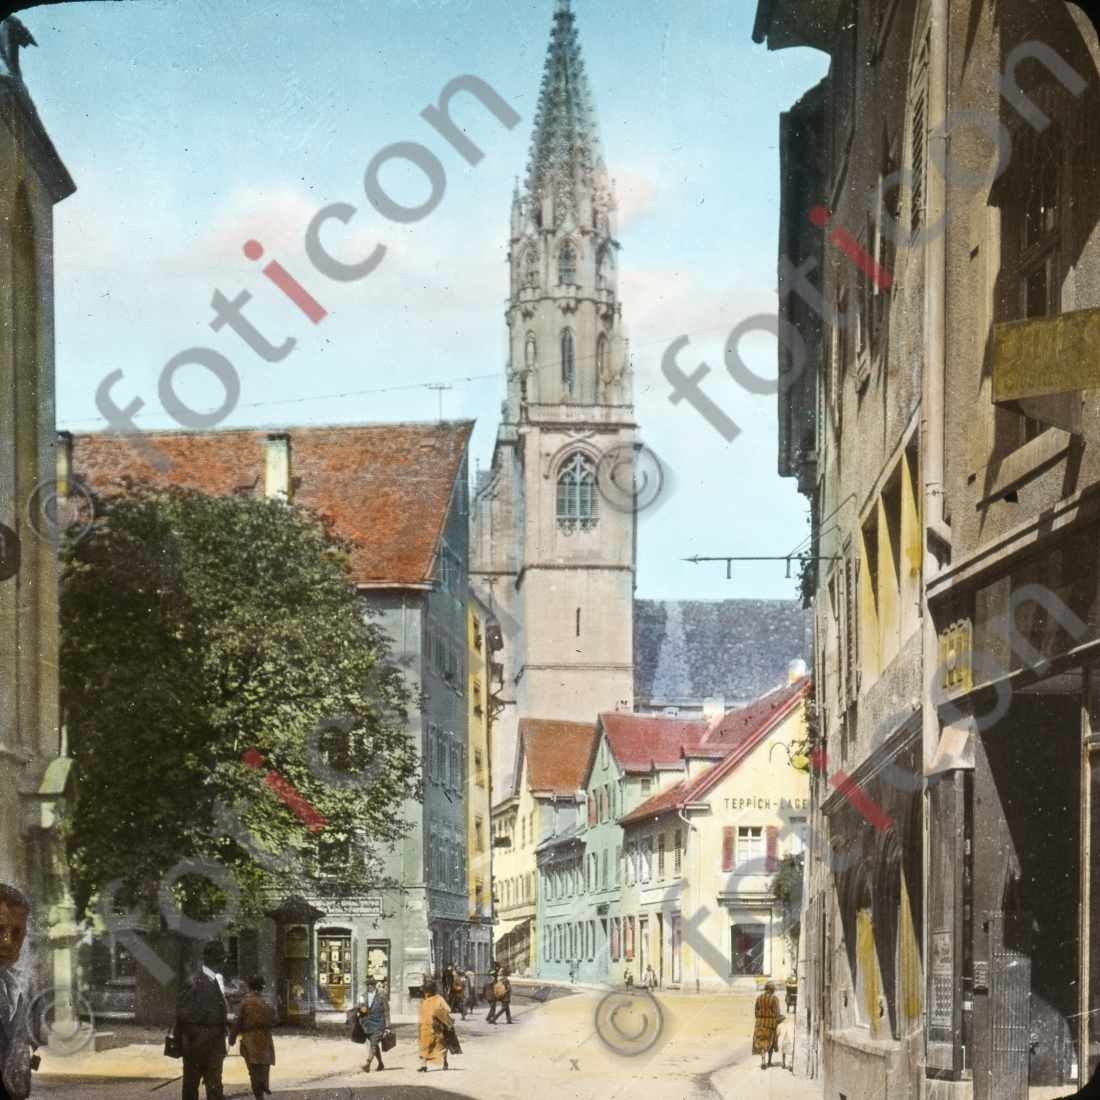 Konstanz | Constance - Foto foticon-simon-127-019.jpg | foticon.de - Bilddatenbank für Motive aus Geschichte und Kultur
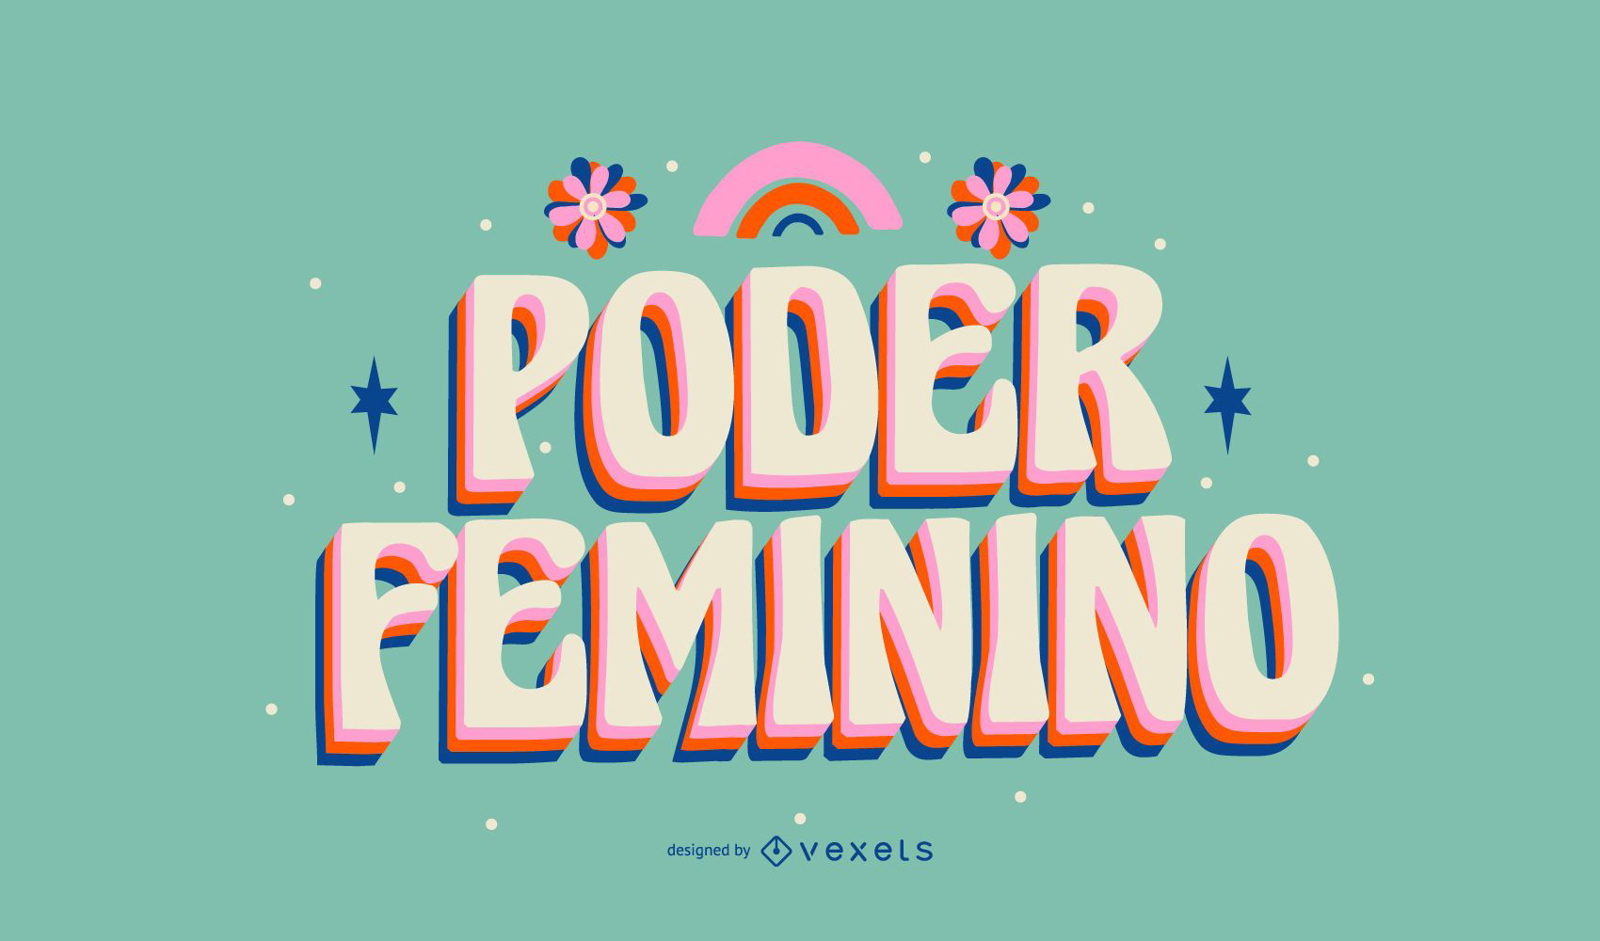 Letras portuguesas del día de la mujer
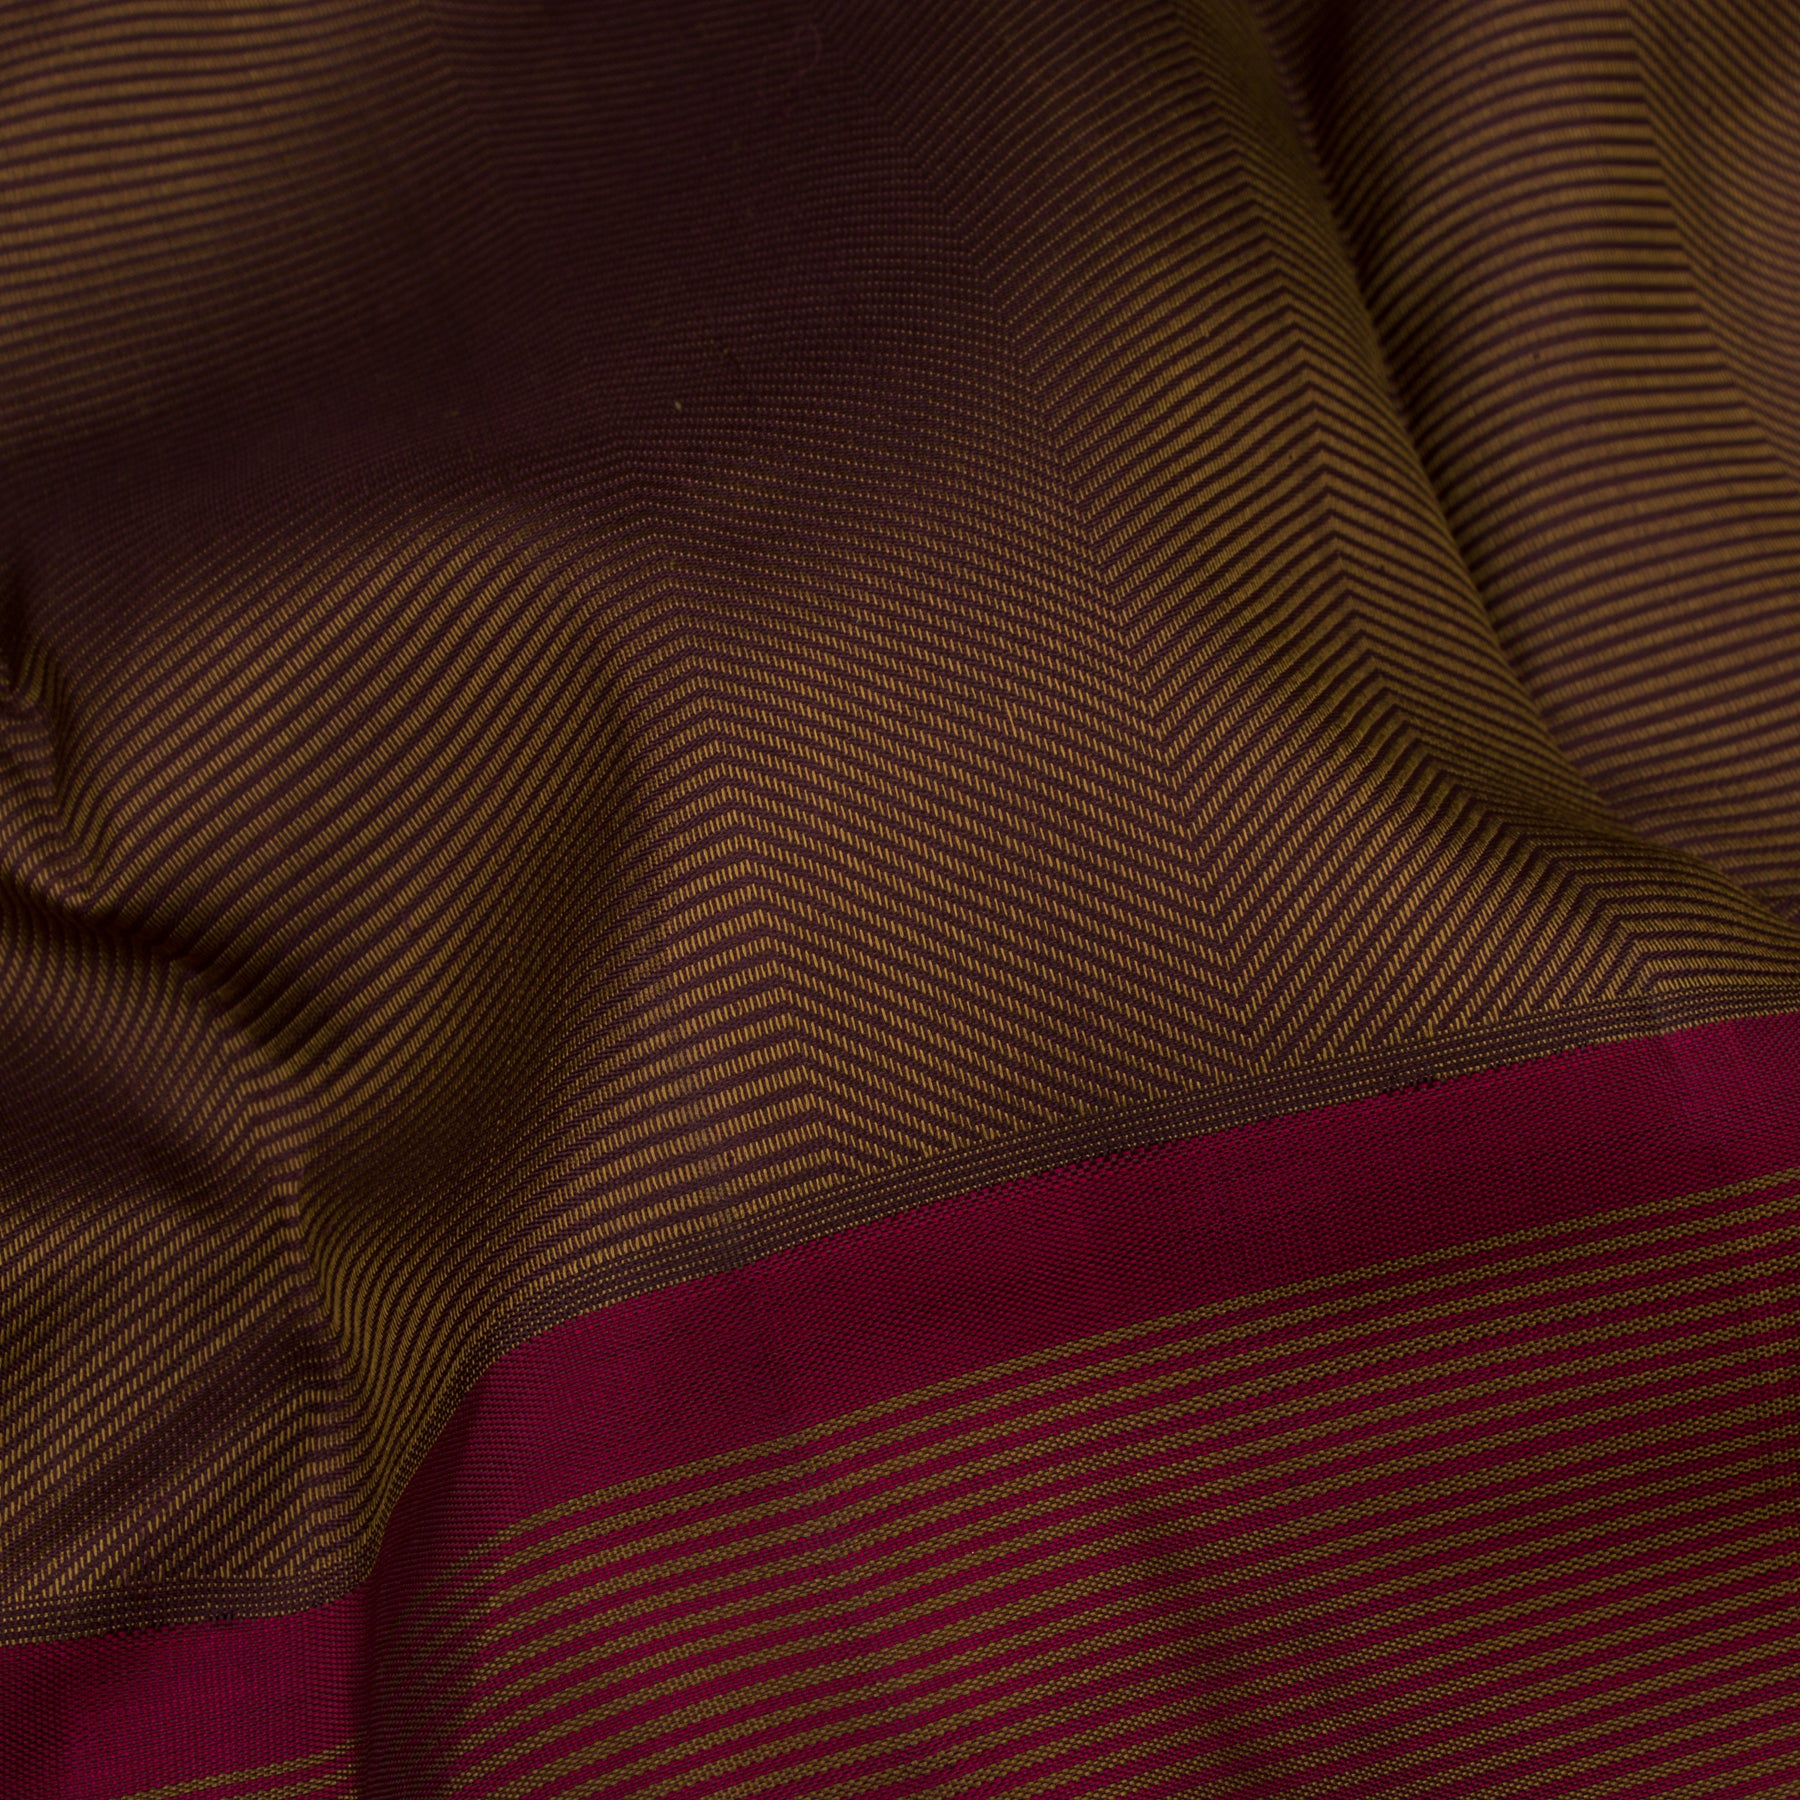 Kanakavalli Kanjivaram Silk Sari 23-599-HS001-00802 - Fabric View

PROBLEM REQUIREMENTS: Transcribe the data exactly, minus any images.

SOLUTION FOR THIS TASK:
 Konstanz | Constance - Foto foticon-simon-127-019.jpg | foticon.de - Bilddatenbank für Motive aus Geschichte und Kultur
 Letras portuguesas del día de la mujer
 Kanakavalli Kanjivaram Silk Sari 23-599-HS001-00802 - Fabric View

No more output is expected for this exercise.